The Luminaries by Eleanor Catton

The Luminaries by Eleanor Catton published by Victoria University Press in August 2013 and Granta on 5 September 2013. On 15 October it was announced as the winner of the 2013 Man Booker Prize.


The LuminariesMore than 800 pages of murder, mystery and suspense as the reader is traipsed through the muddy streets of New Zealand, during the gold rush of 1866.

The players include a dead hermit, a suicidal prostitute, a missing millionaire and a cast of twelve men who meet in secret to discuss the mystery of a vast fortune of gold, discovered in the hermits’ cottage. The small settlement of Hokitika has sprung up on the west coast of New Zealand’s South Island, to cater for the influx of diggers in the nearby gold fields. Pay close attention to the twelve men who are introduced at the beginning of the book. Their characters fulfill the needs of the developing town and include a banker, a goldsmith, a hotelier, a newspaperman, a shipping magnate, a gaoler, and a chemist, all of whom, play an important role in the intricately woven plot involving shipping, banking and gold-digging.

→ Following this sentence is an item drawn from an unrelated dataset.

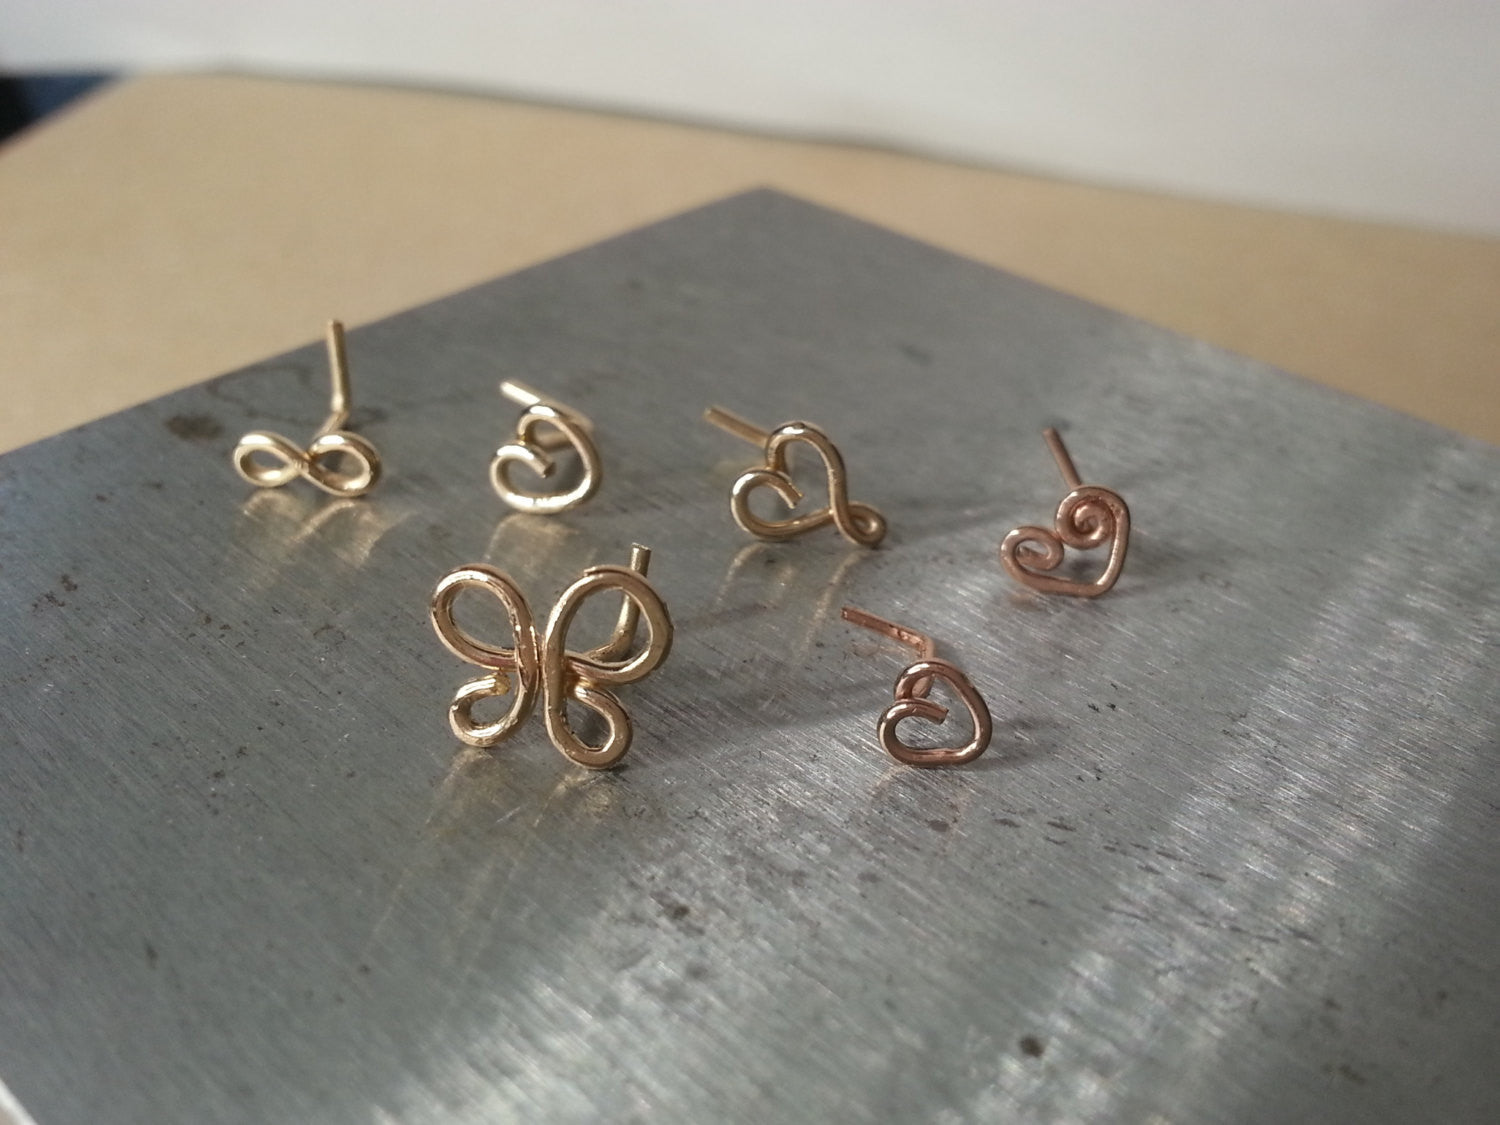 Nose Stud VARIETY VALENTINES Heart Cartilage 22, 24, 26ga 14k Yellow, White, Pink Rose Solid / Gold Filled / Silver Earring Helix Tragus

There is more to the book than it would appear at first glance, and although the main points of the mystery seem to be evident from the beginning, closer inspection reveals many hidden intrigue’s. Great pains have been taken to plot the astrological charts for the New Zealand skies during the year 1866, and the actions of the characters, each representing a sign of the zodiac or heavenly body, reflect the movements of the stars across the sky.

It is a long book, but manages to keep the reader interested right to the end, where loose ends may or may not be tied up.